Парижанин вынул из кармана кожаный мешочек, из которого высовывались концы оборванной цепочки.
Он открыл его и достал знаменитый медальон.
– Эту вещь я вытащил из желудка змеи семь с половиной метров длиной. Змея нечаянно проглотила ее вместе с вором. Я не открывал медальон, не желая быть нескромным. Да и запирается он, вероятно, с каким-нибудь секретом. Впрочем, это неважно. Не угодно ли вам, сударыня, удостовериться, на месте ли билет?

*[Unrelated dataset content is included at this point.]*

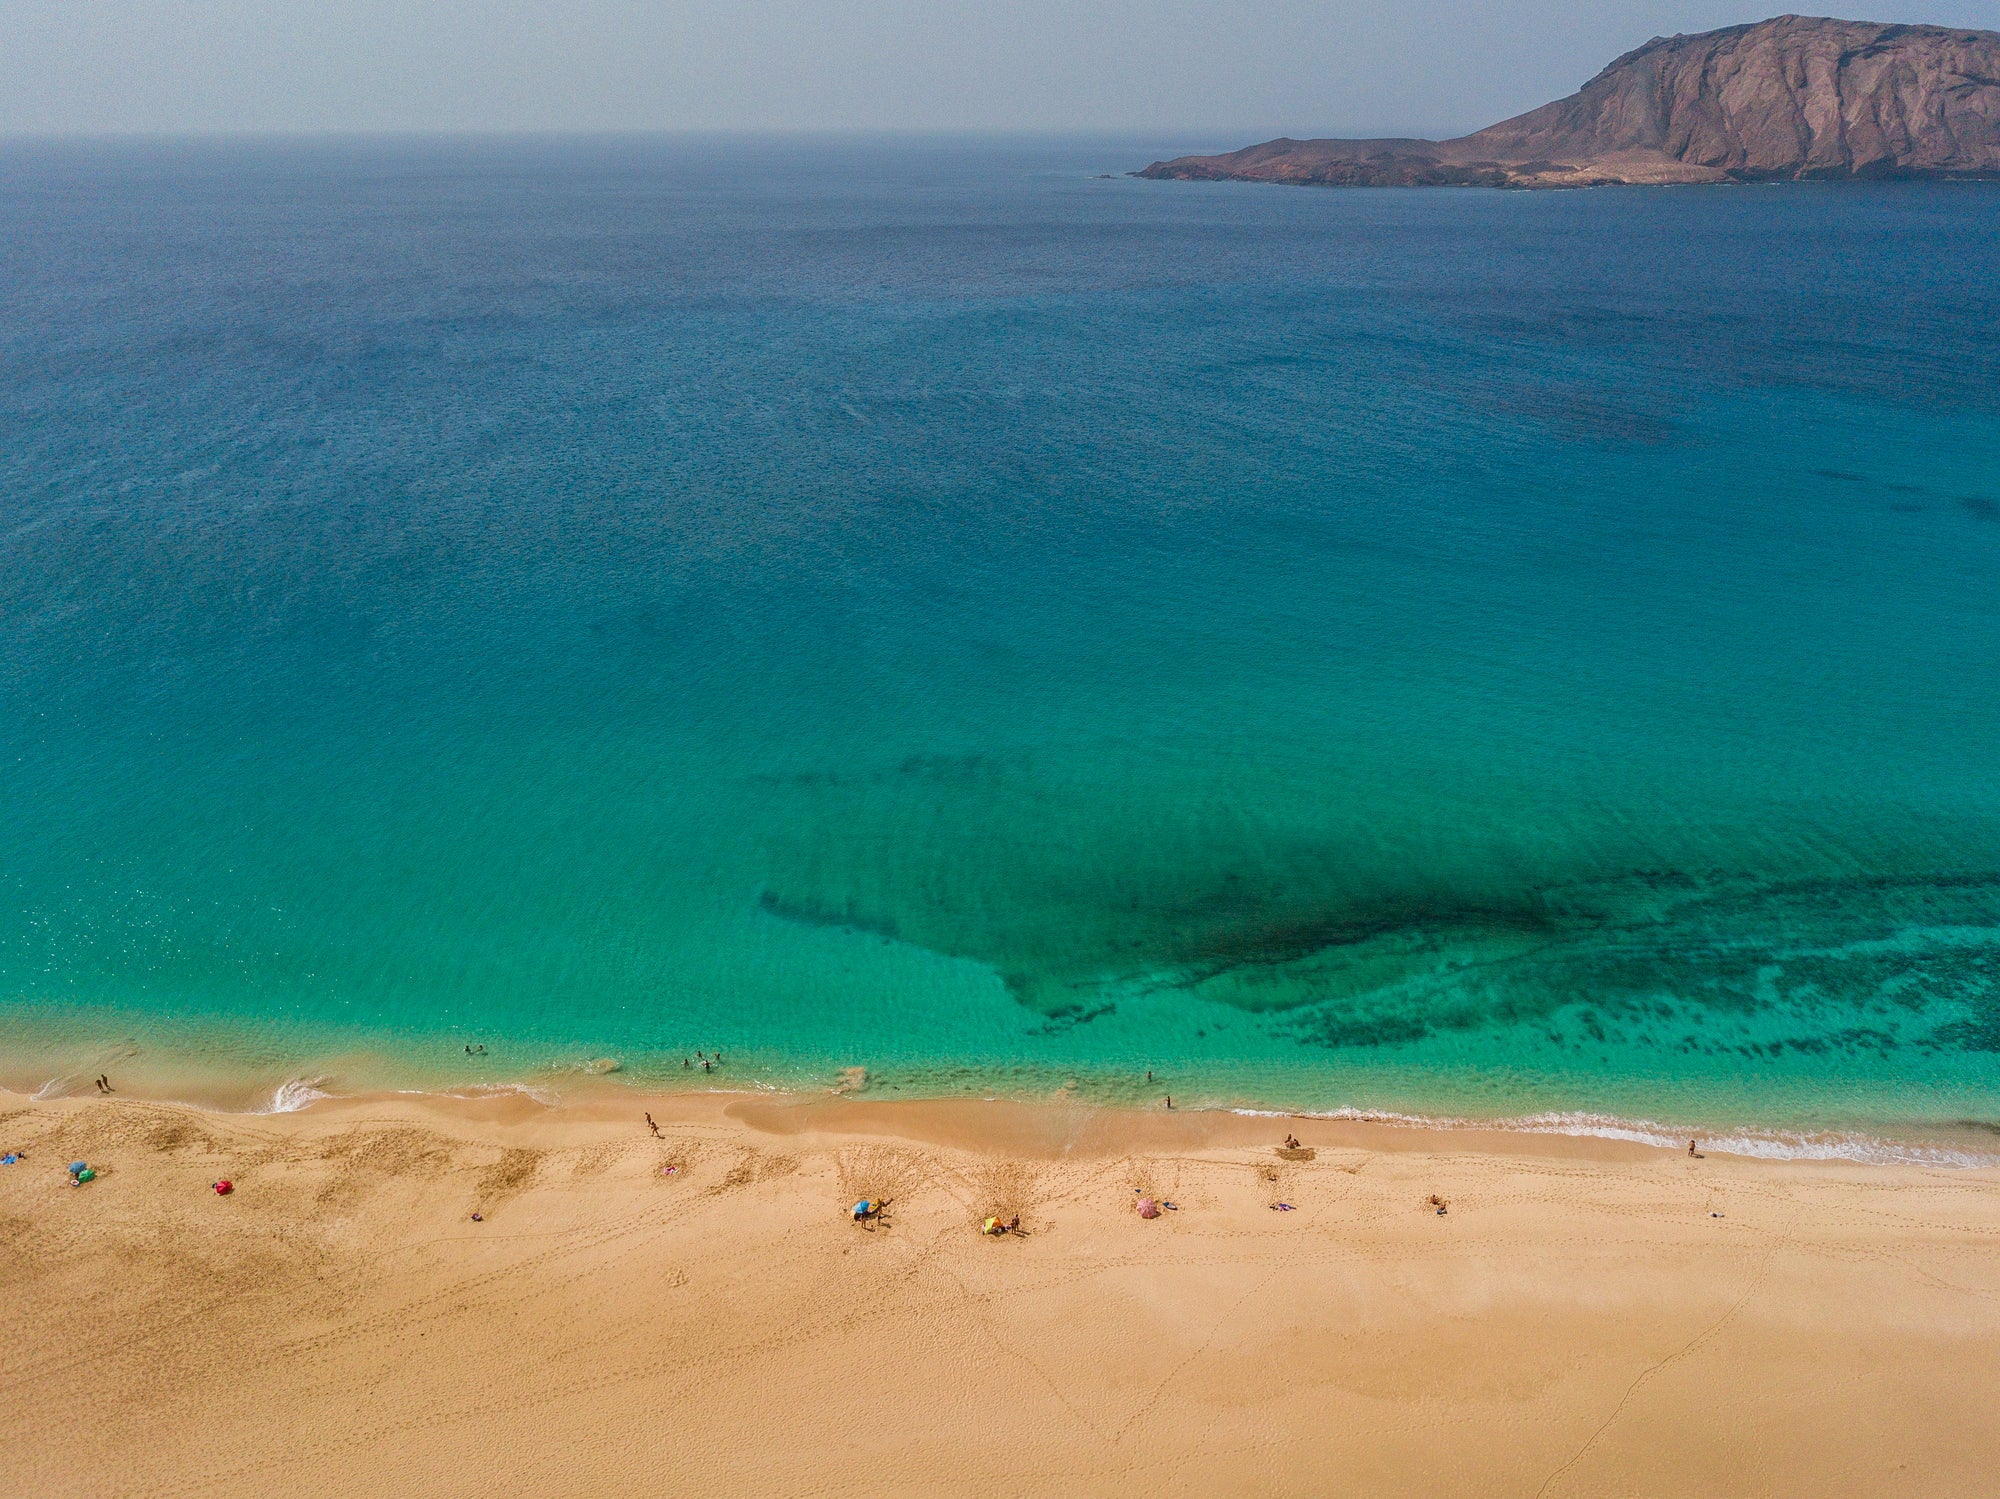 Lanzarote’s little sister, La Graciosa, is a playa paradise for simple sunning

Горячо поблагодарив юношу, который, в сущности, возвратил ей и семейное счастье, и состояние, мадам Барбантон дрожащими руками открыла медальон и вскрикнула от разочарования.
Медальон был пуст.
Фрике и Андре не знали, что думать, и только Барбантон хранил спокойствие.

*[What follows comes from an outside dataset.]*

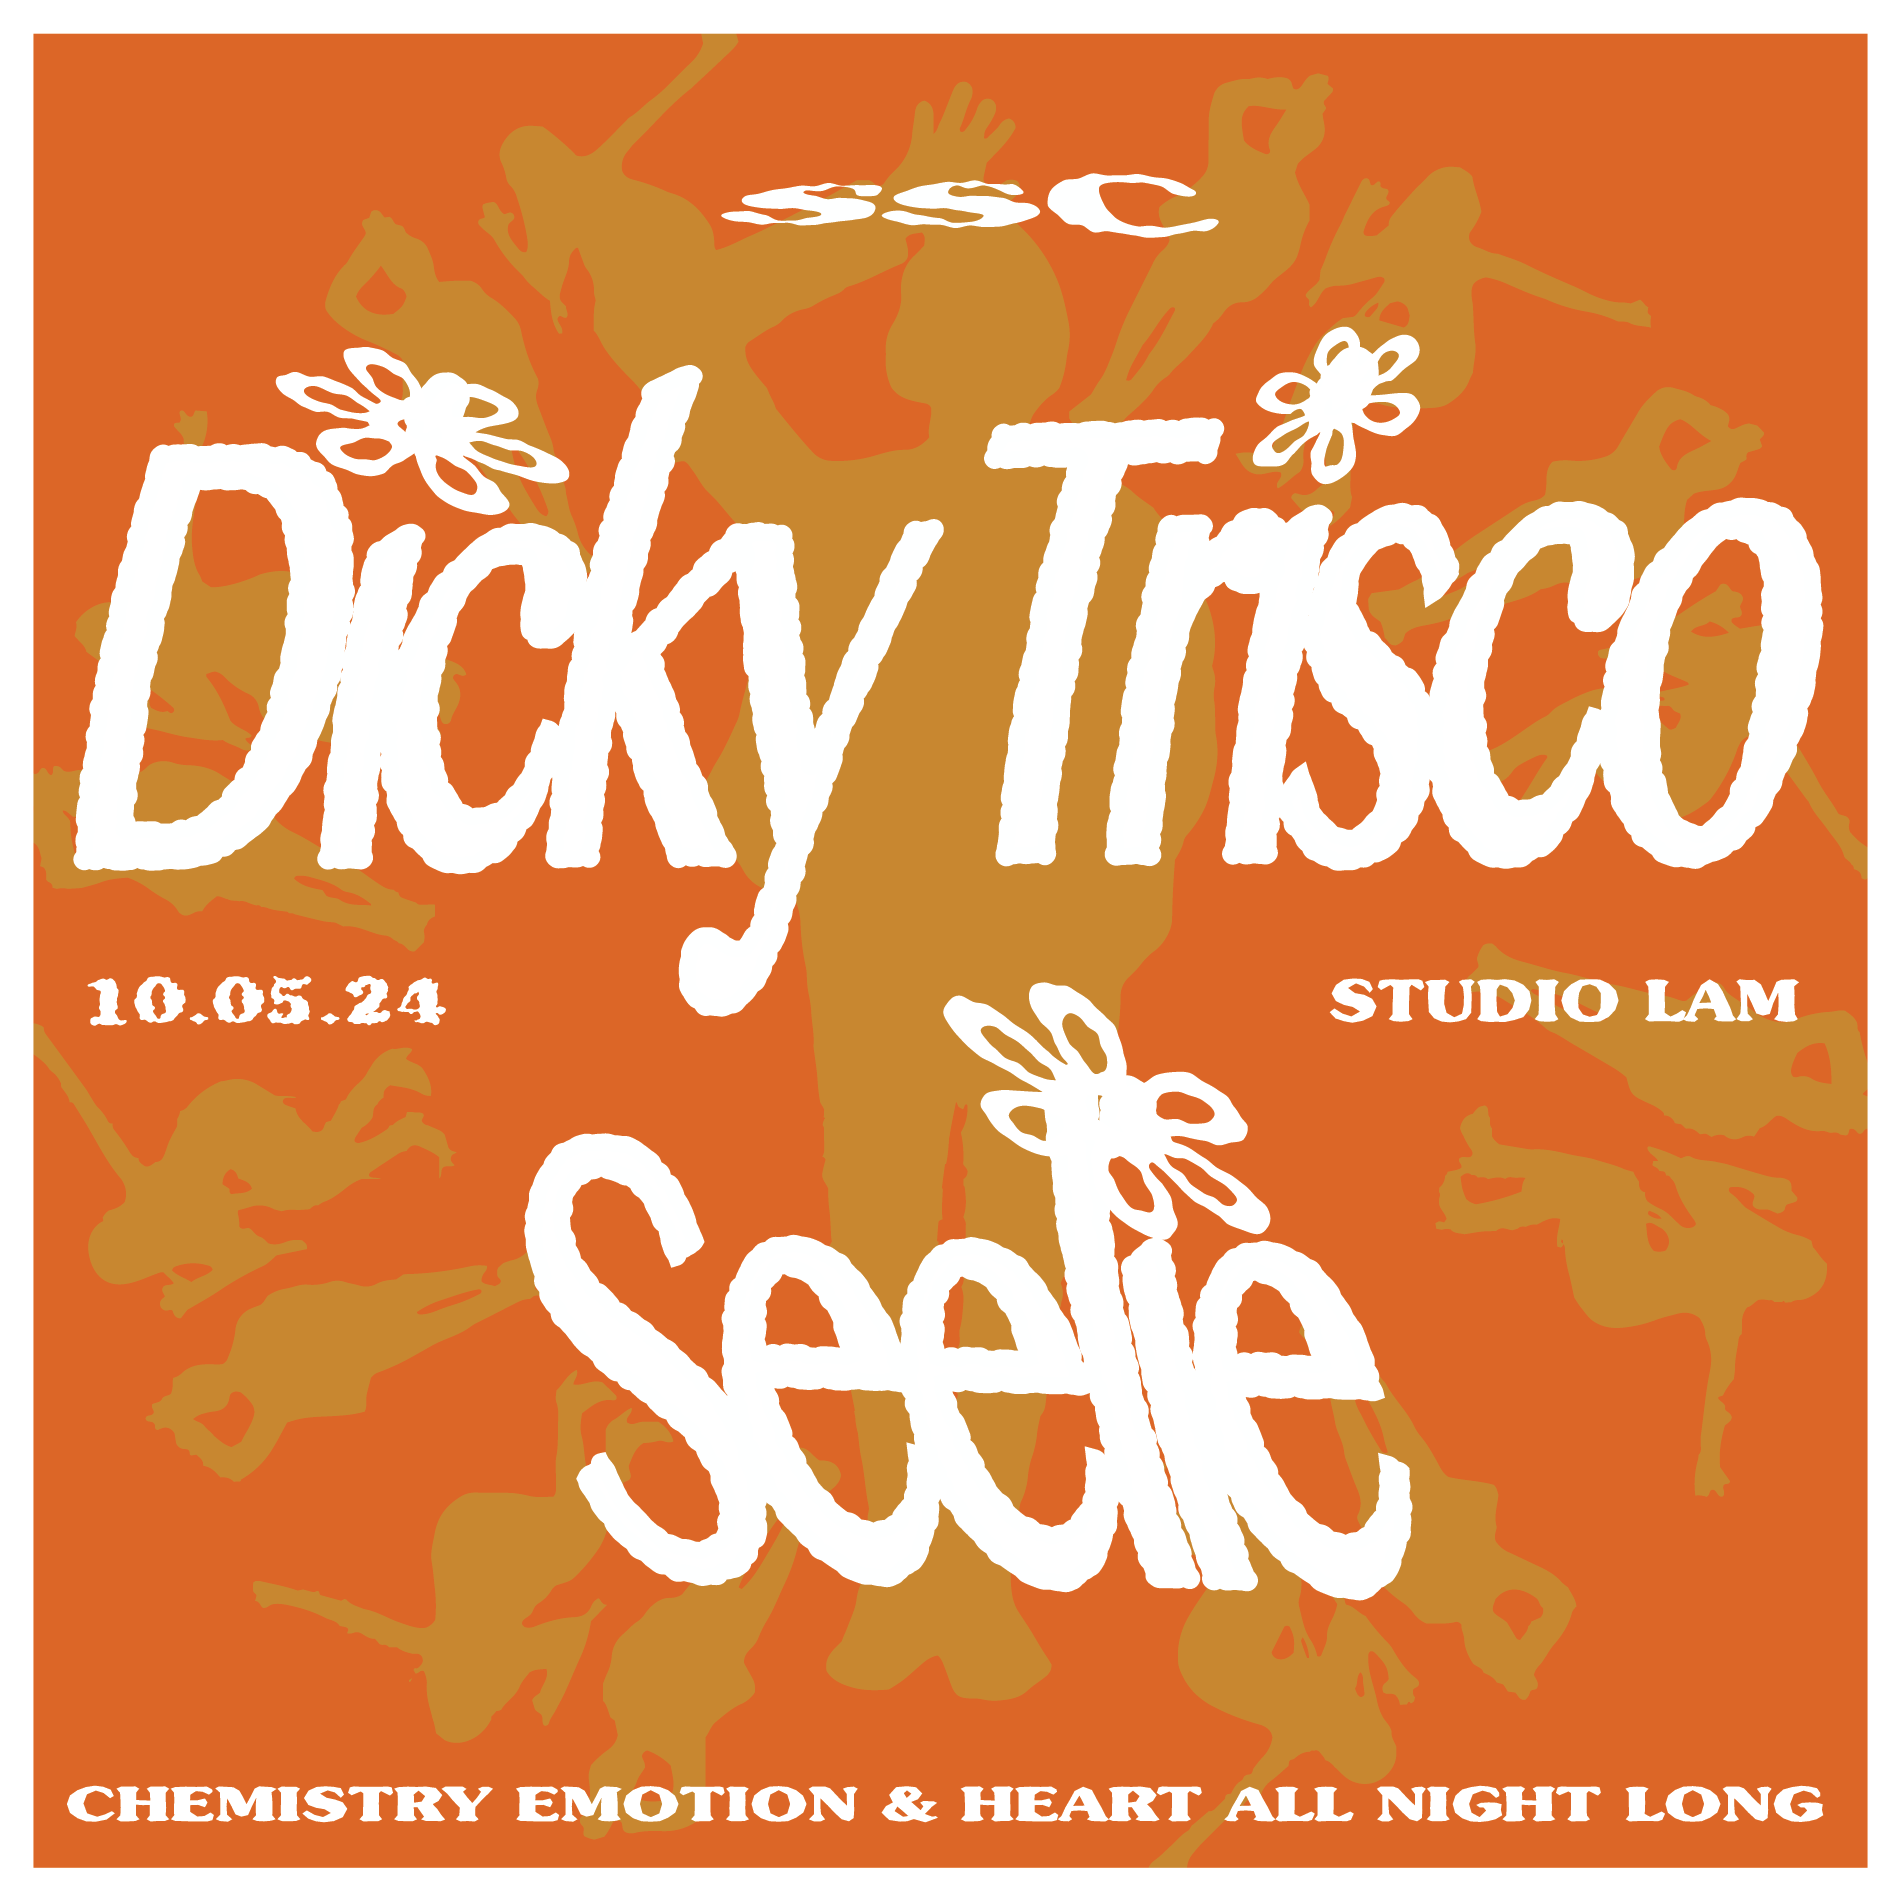 Siam Soul Club with DICKY TRISCO - フライヤー表

– Ну что ж! – сказала больная, быстро все обдумав. – Билет потерян, значит, выигрыш пропал. Лучше не думать об этом. Хотя все-таки жаль: ведь он обеспечил бы нам безбедное существование. Ничего, мы оба будем работать – не правда ли, мой друг?
– Элоди, вы потрясающая женщина. Уж как мне понравилось то, что вы сейчас сказали, вы и представить себе не можете. Конечно, мы будем работать, если захотим. А не захотим – будем жить на свои доходы. Вам это знакомо?
Он неторопливо вынул из кармана видавший виды бумажник, из него также неторопливо достал сложенную вчетверо бумажку и подал жене.
– Как!.. Билет!..
– Две тысячи четыреста двадцать один. Мой метрический номер, если вы не забыли.
– Вот это да! – вскричал изумленный Фрике. – Как же так, жандарм, билет у вас, а вы все время молчали?
– Я о нем совершенно забыл. Дело было так. Приехав в Сунгойю после моего побега отсюда, я заметил, что этот непорядочный негр украл у вас медальон. Будь я на службе, я бы его преспокойно арестовал, но тогда надо было действовать иначе. Не оставлять же такую ценность у этой скотины! На другой же день я напоил Сунгойю до положения риз, чем он был очень тронут и тут же произвел меня в генералы, а я воспользовался его состоянием, открыл медальон, вынул билет и закрыл опять. Вор вора обокрал! Конечно, это было нехорошо, в особенности со стороны человека, служившего в жандармах, но, принимая во внимание обстоятельства… Наконец я действовал с самыми добрыми намерениями. Я имел в виду передать билет вам вместе с моей доверенностью.
– Правда?
– Честное слово. Когда мы прибыли на фритаунский рейд, я хотел передать его Фрике, прежде чем мы расстанемся, но при виде желтого флага и признаков траура на яхте я обо всем забыл.
– Теперь все объясняется, – заметил Фрике. – И за разбитые горшки пришлось поплатиться одному Сунгойе… Но вы, генерал, – и везет же вам, однако!
– Правда, мне повезло, но это в первый раз в жизни и, вероятно, в последний. Мы с женой оба выиграли на один и тот же билет. Вы, дорогая Элоди, выиграли приличный денежный куш, а я – добрую жену. Разумеется, из нас двоих я богаче, – прибавил с несвойственной ему галантностью бывший жандарм.
От желтой лихорадки умирают не все. С ней можно бороться. И лучшее средство – как можно скорее бежать из очага заразы, переместиться в более холодный климатический пояс или горную местность. Само собой разумеется, не следует забывать гигиенические меры и, прежде всего, уничтожить все, чего касались больные.
В борьбе с этой болезнью надо уметь сохранять хладнокровие, самообладание и занять свое внимание, сосредоточив его на борьбе с ней, чтобы не оставалось времени предаваться унынию и боязни.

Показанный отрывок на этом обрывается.